In summation, let me just say that Democrats and Republicans disagree about many things in this institution and that's probably as it should be. But no one disagrees about the honor and integrity of our friend Henry Hyde. He is one of the most judicious members in this body, and I have said on several occasions, as I did to my great hero and yours, Henry, Ronald Reagan, that you would make an excellent Supreme Court Judge. I am very very happy that he did not have to opportunity to follow through on that, because we need you desperately here today in your capacity. We are fortunate again that you were not elevated to that position.
Likewise, the gentleman from Michigan, Mr. Conyers, has many years of experience on the Judiciary Committee, including service there in 1974, which was one of the critical years of this Congress. He is extremely knowledgeable, he is tenacious to say the least. I've had encounters with him in the past and he usually wins. And we look forward to his service and leadership in this very, very important matter.
This is a very grave day for the House of Representatives, indeed it is a solemn time I think, in our nation. Today we will do what we are compelled to do under the Constitution not because we desire it, but because, my friends, it is our duty to do it. In order to most judiciously fulfill these constitutional duties, I encourage all of the members to approach this sensitive matter with the dignity and decorum which befits the most deliberative body in the world.
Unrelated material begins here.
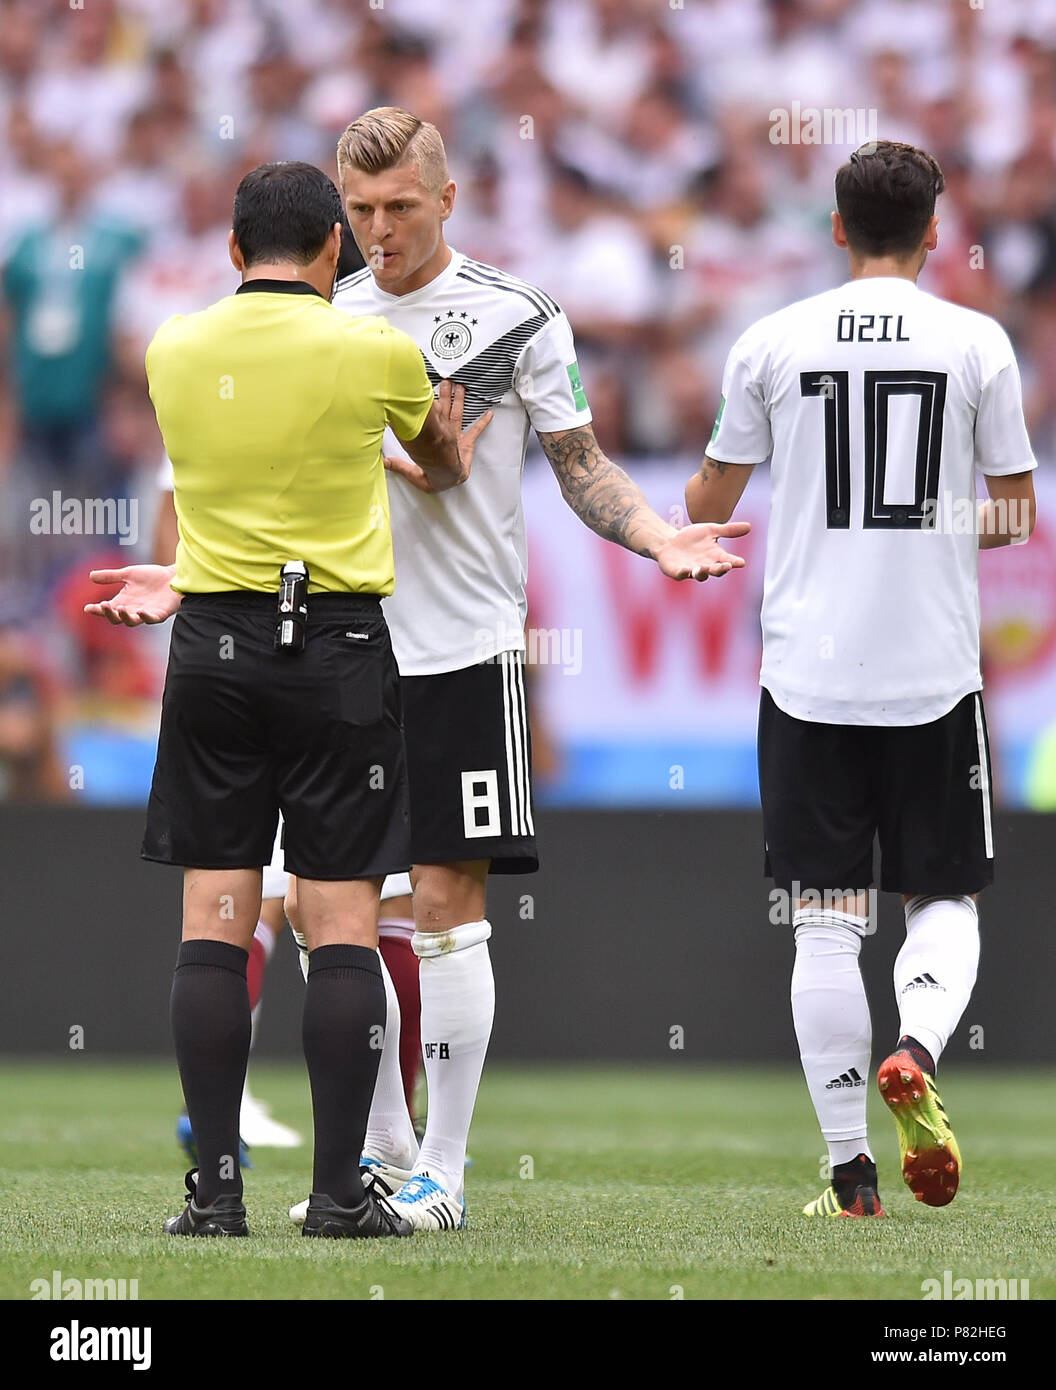 MOSCOW, RUSSIA - JUNE 17: Toni Kroos of Germany reacts during the 2018 FIFA World Cup Russia group F match between Germany and Mexico at Luzhniki Stadium on June 17, 2018 in Moscow, Russia. (Photo by Lukasz Laskowski/PressFocus/MB Media) Stock Photo

Speaker Gingrich spoke of it on the floor. I would encourage all members that they -- they control themselves. I, for one, am an emotional person. I've been known to speak out sometimes without using proper decorum. And I pledge I will not do that and I hope that no other member does. We need to treat the presidency with respect. We need to treat this body with respect.
Having said that, I will yield to my good friend, the ranking member, Mr. Moakley, for any statement he might have.